MATERIAL PROVIDED:
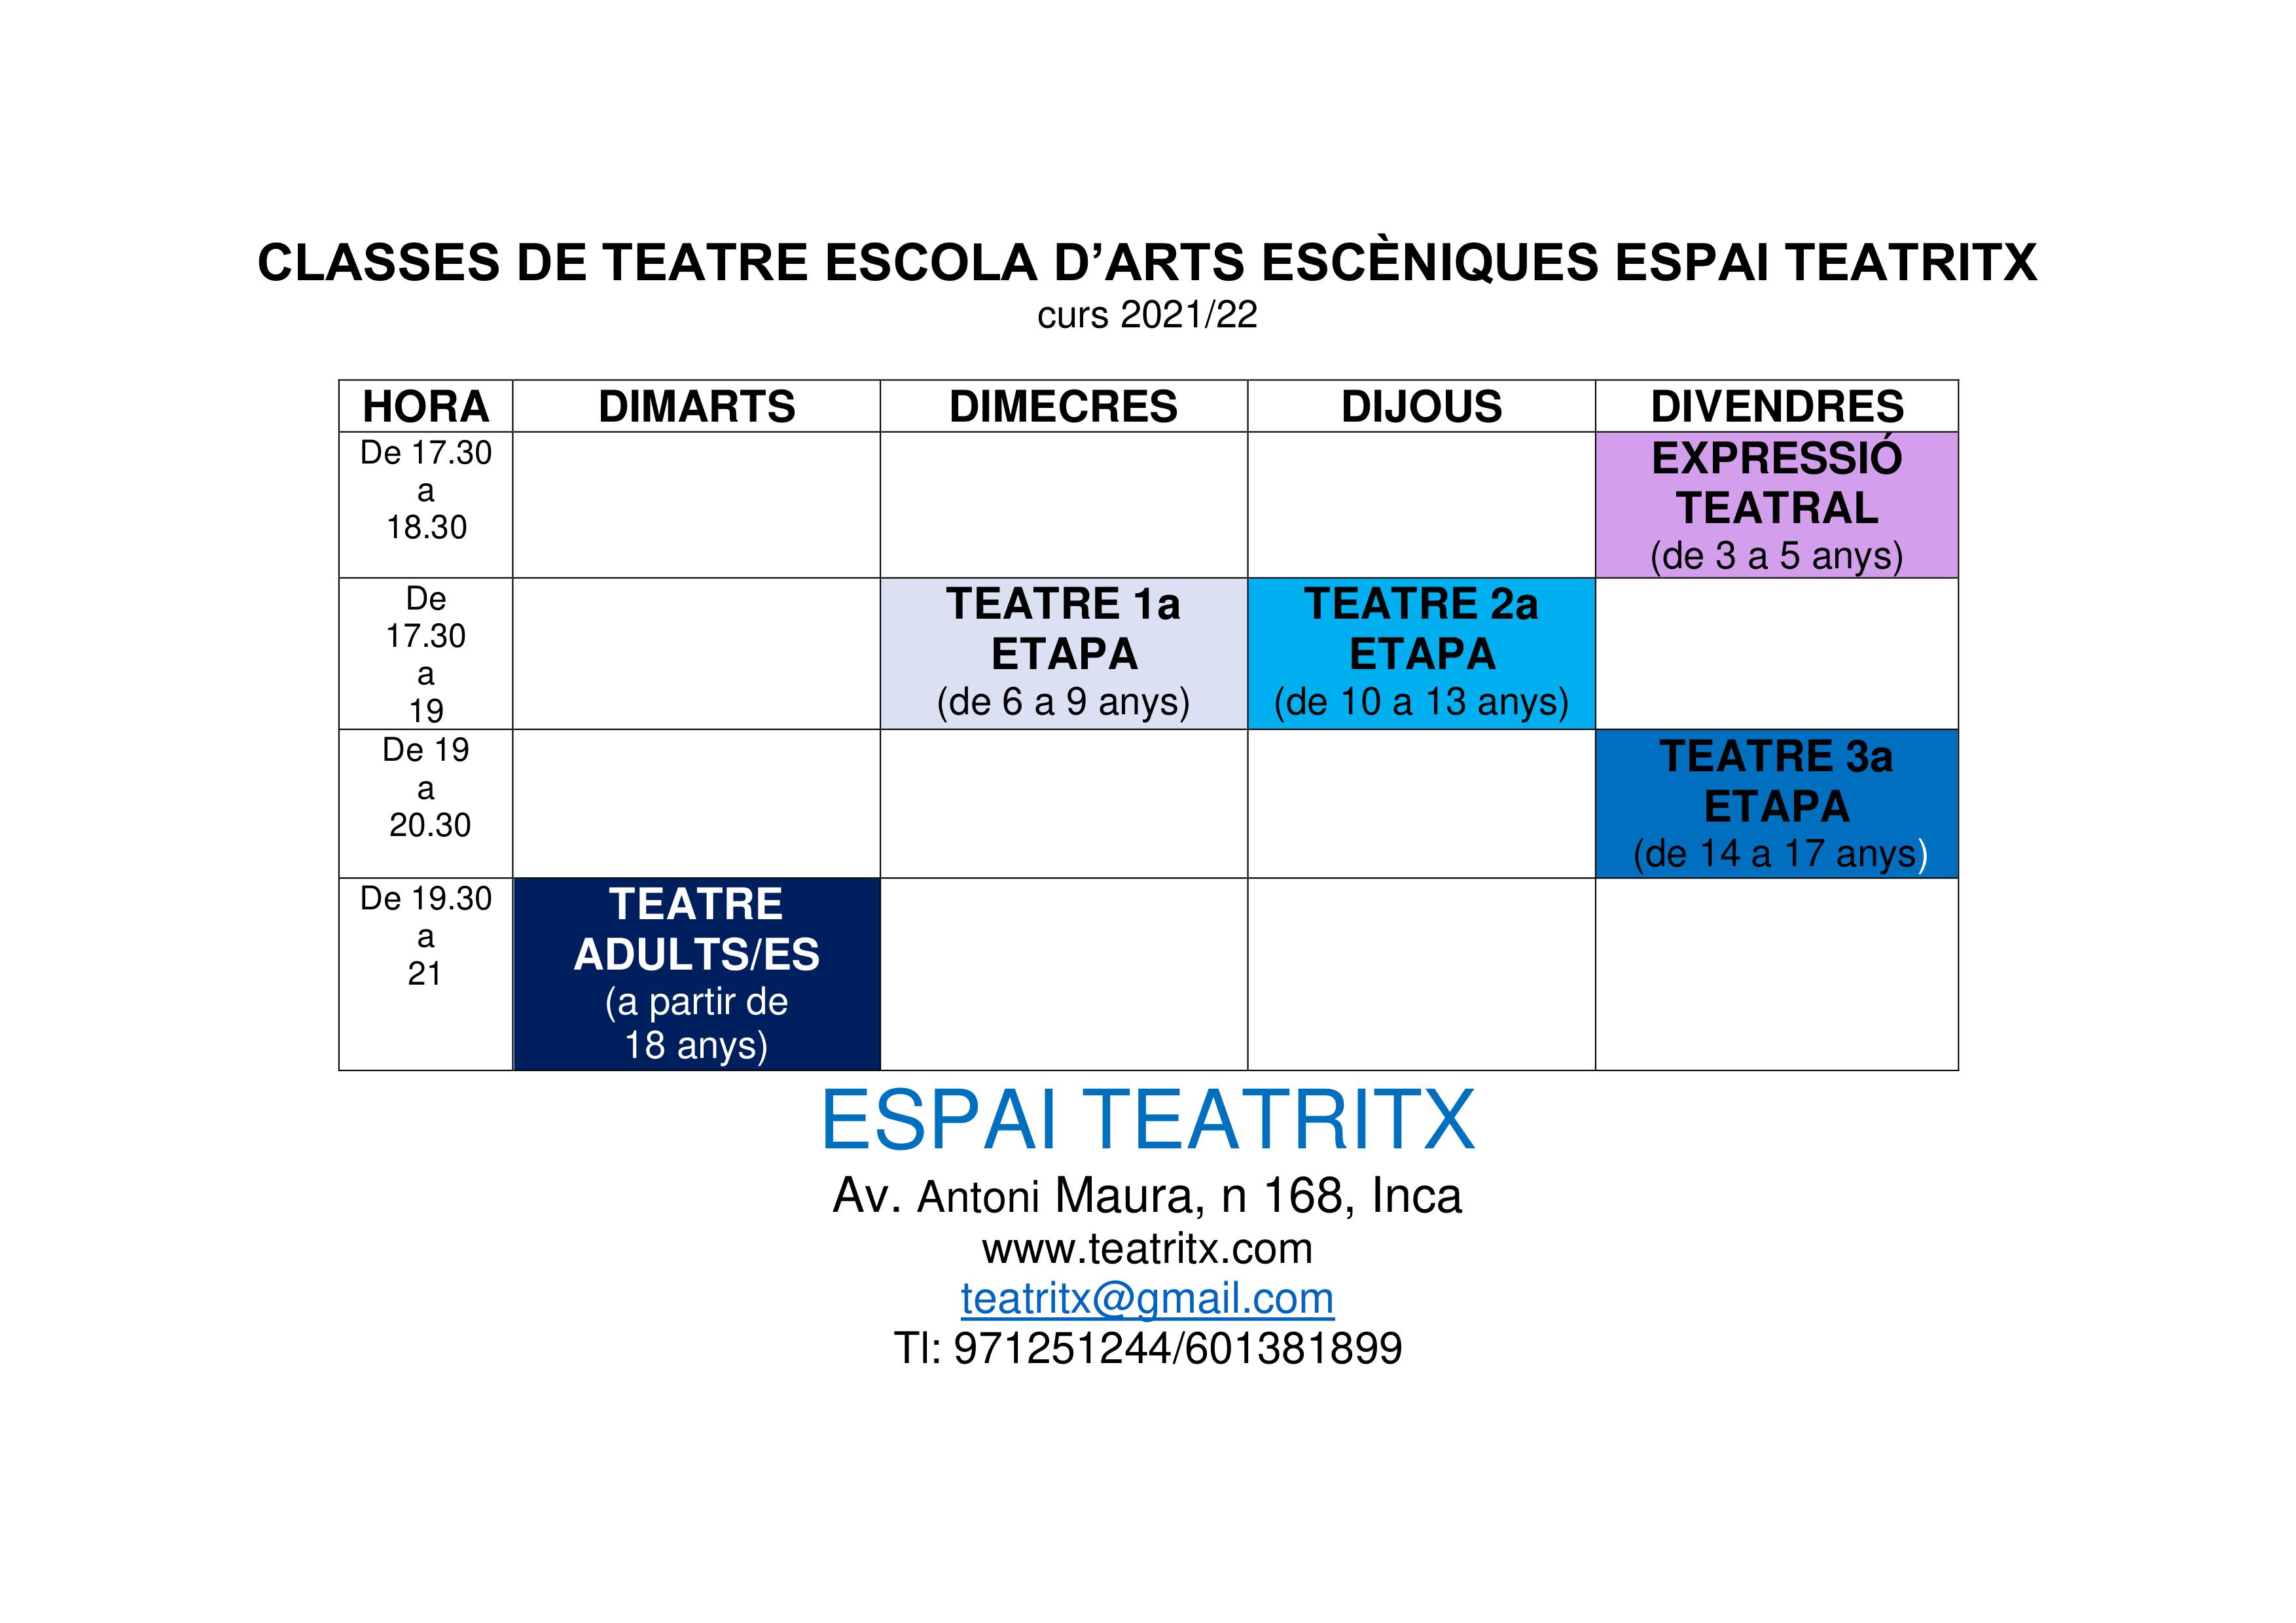 CLASSES DE TEATRE Curs 2021_22
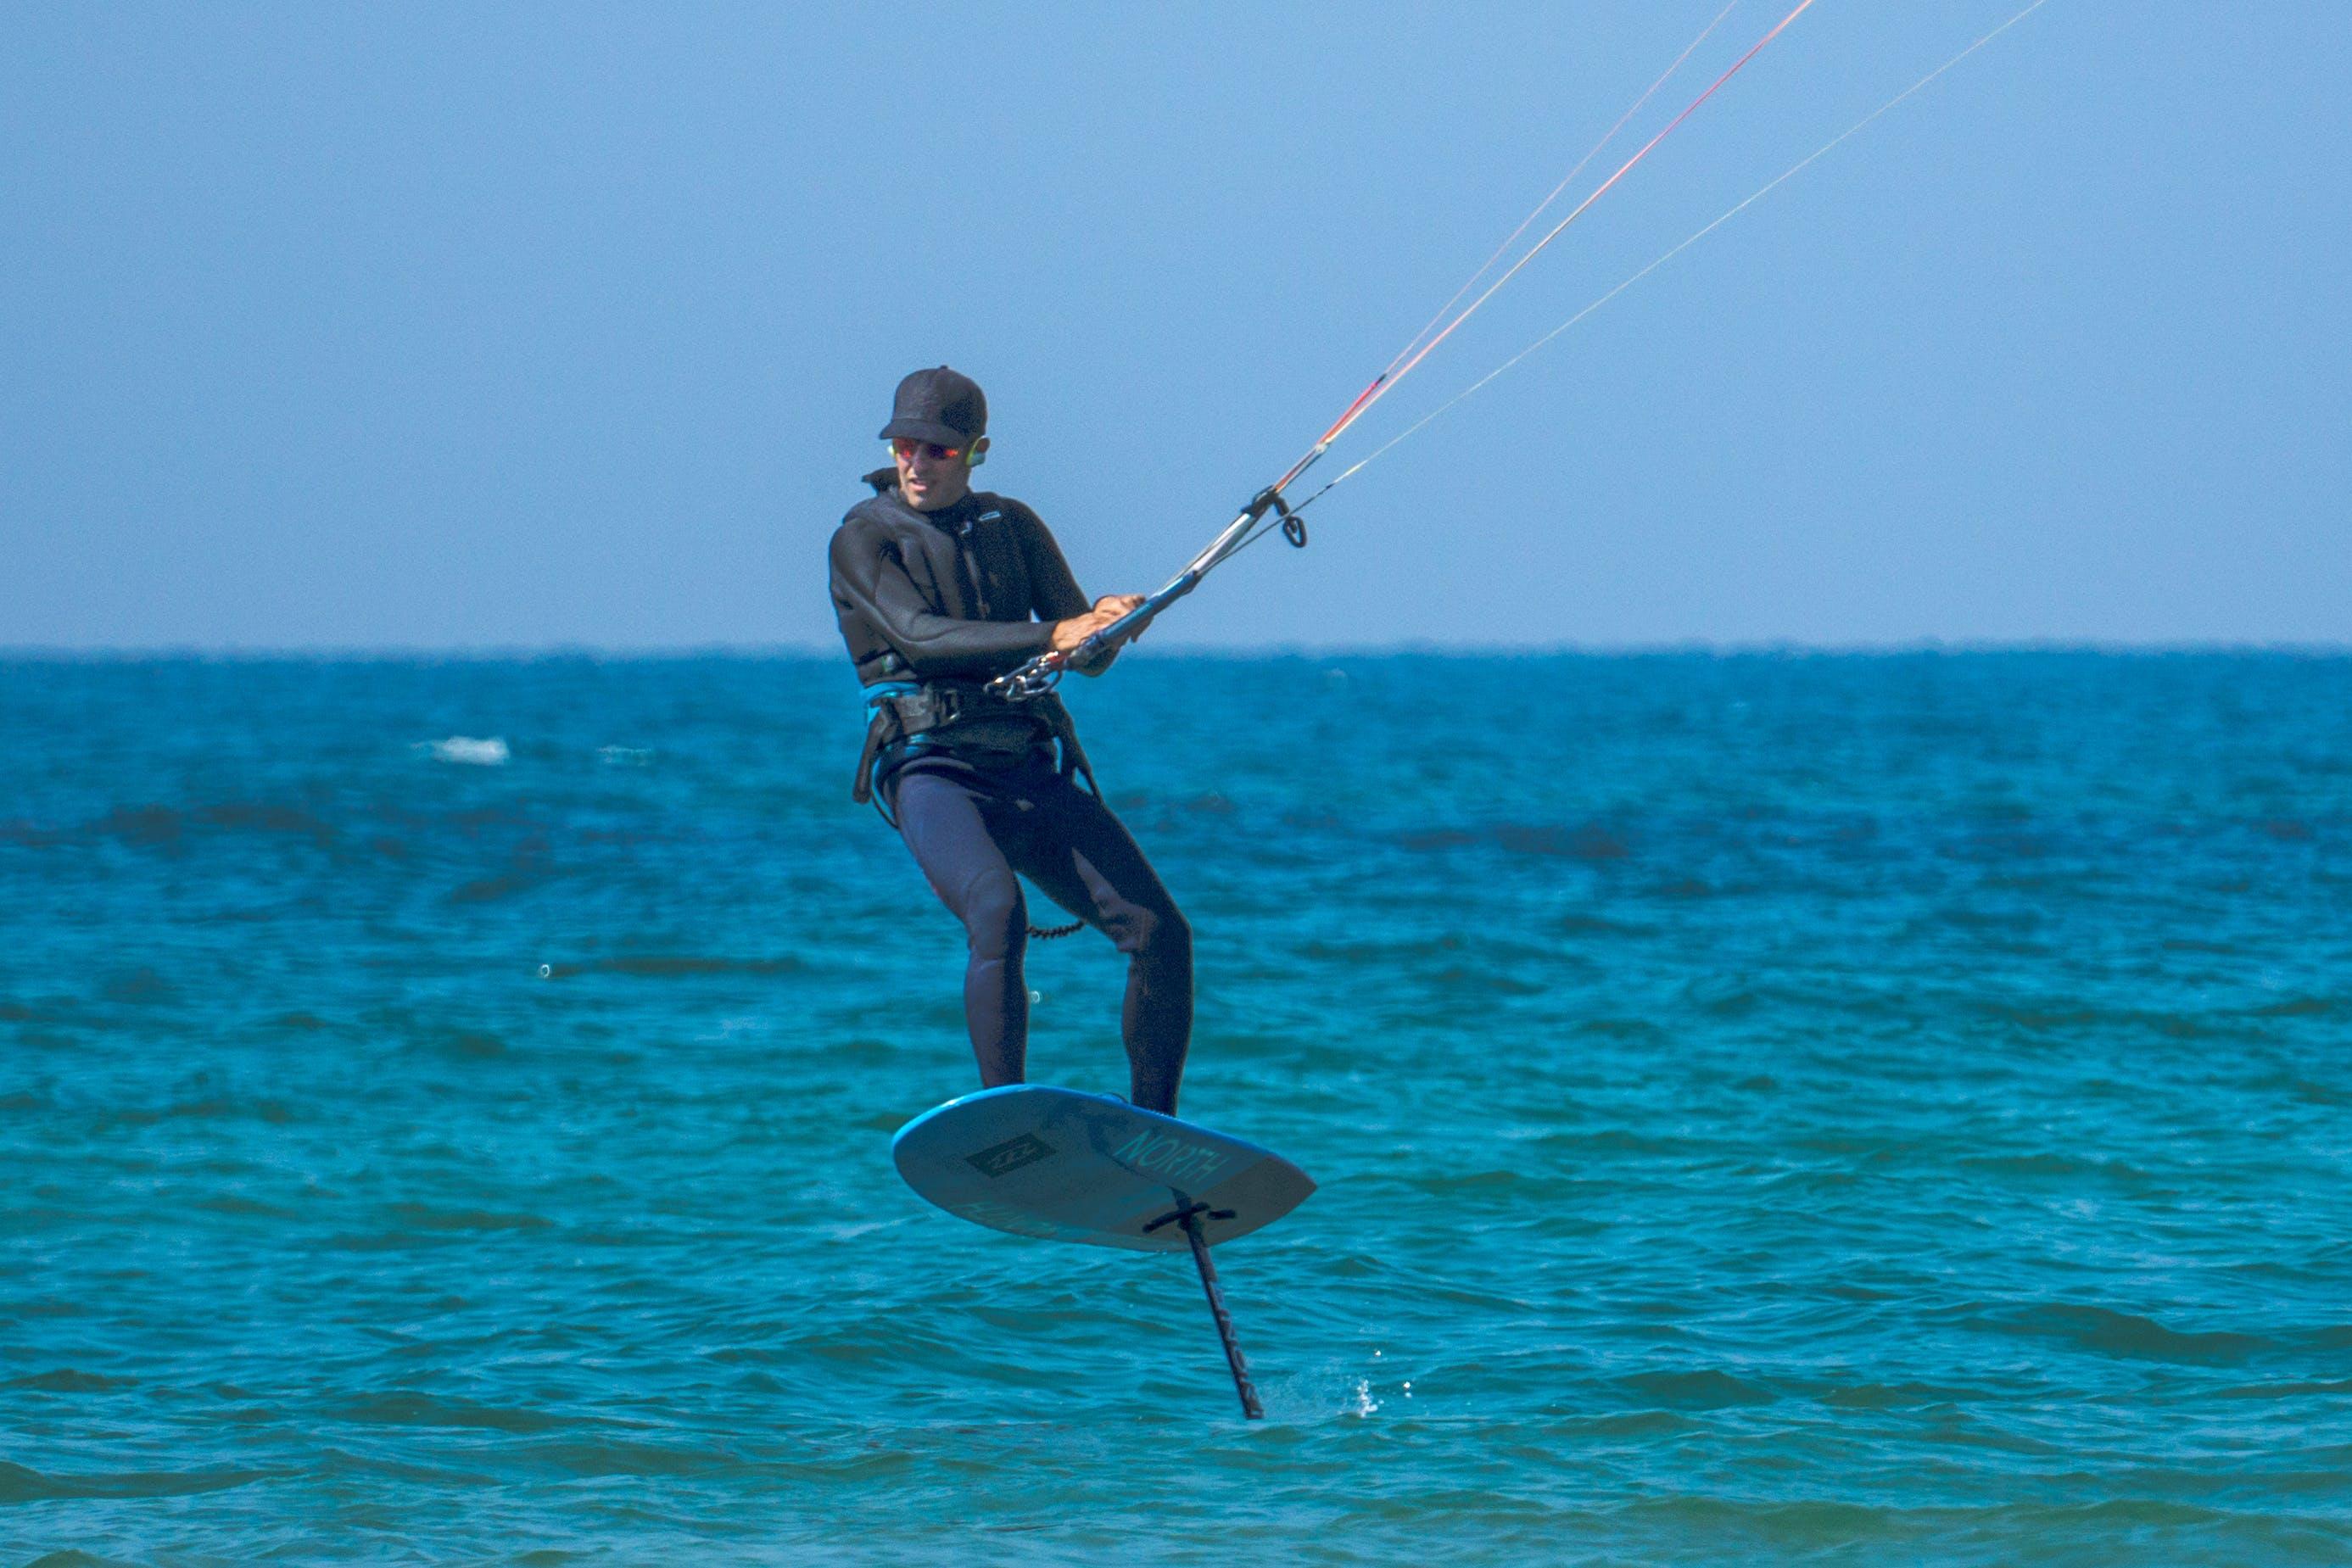 Free stock photo of kite surfing
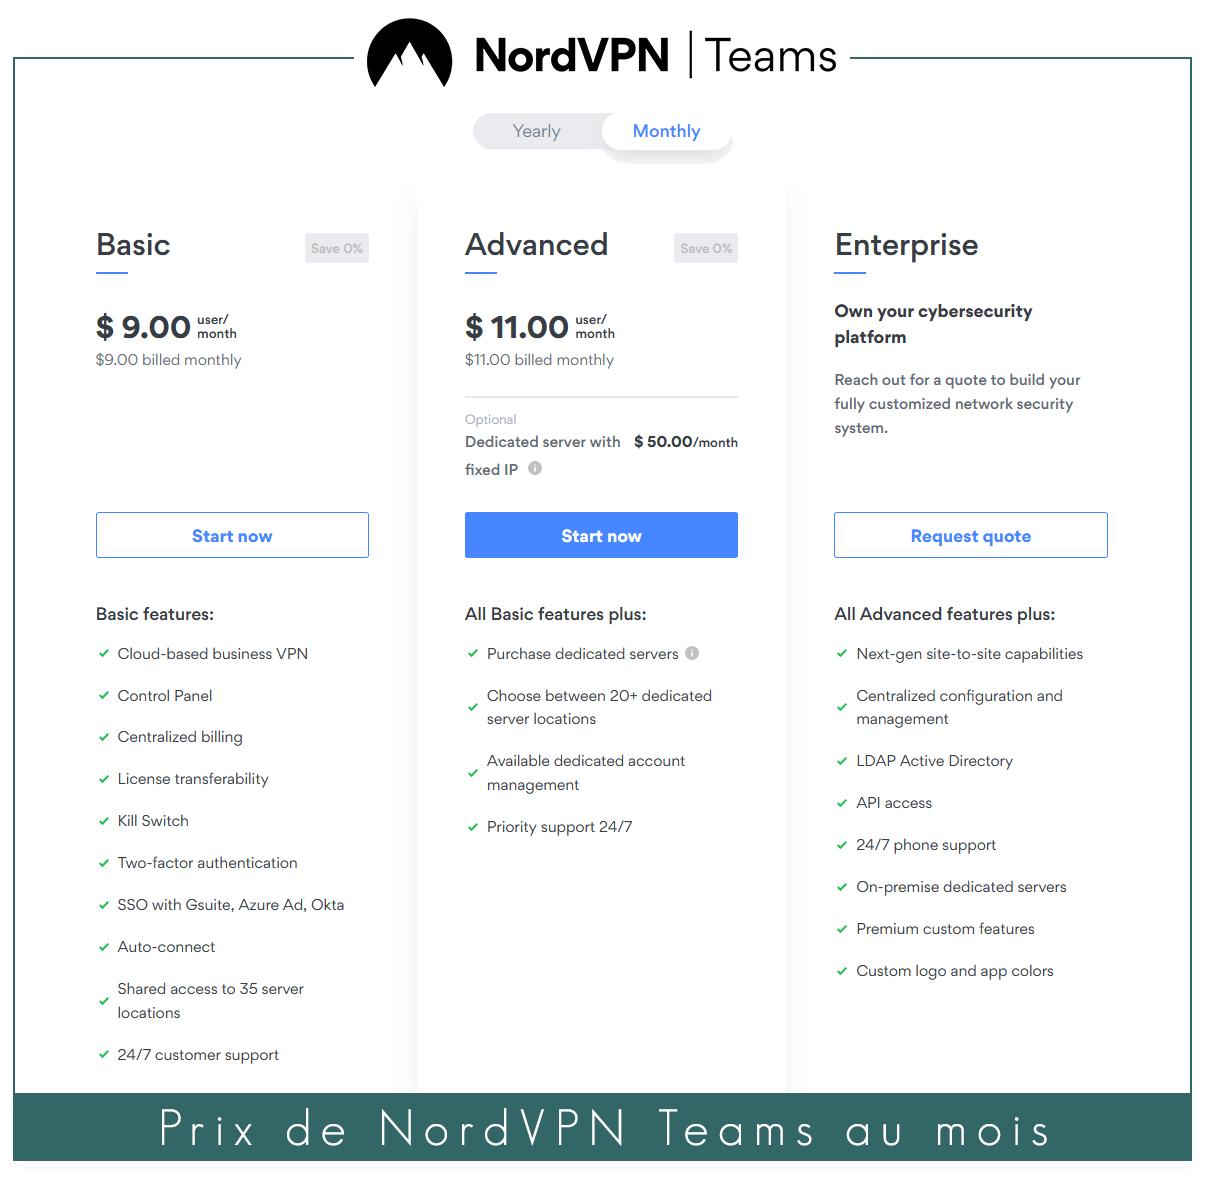 Illustration : prix de NordVPN Teams au mois

WHAT TO DO: The pictures alone are to be left out when the data above is copied; all else must match exactly.

WRITTEN ANSWER:
 CLASSES DE TEATRE Curs 2021_22
 Free stock photo of kite surfing
 Illustration : prix de NordVPN Teams au mois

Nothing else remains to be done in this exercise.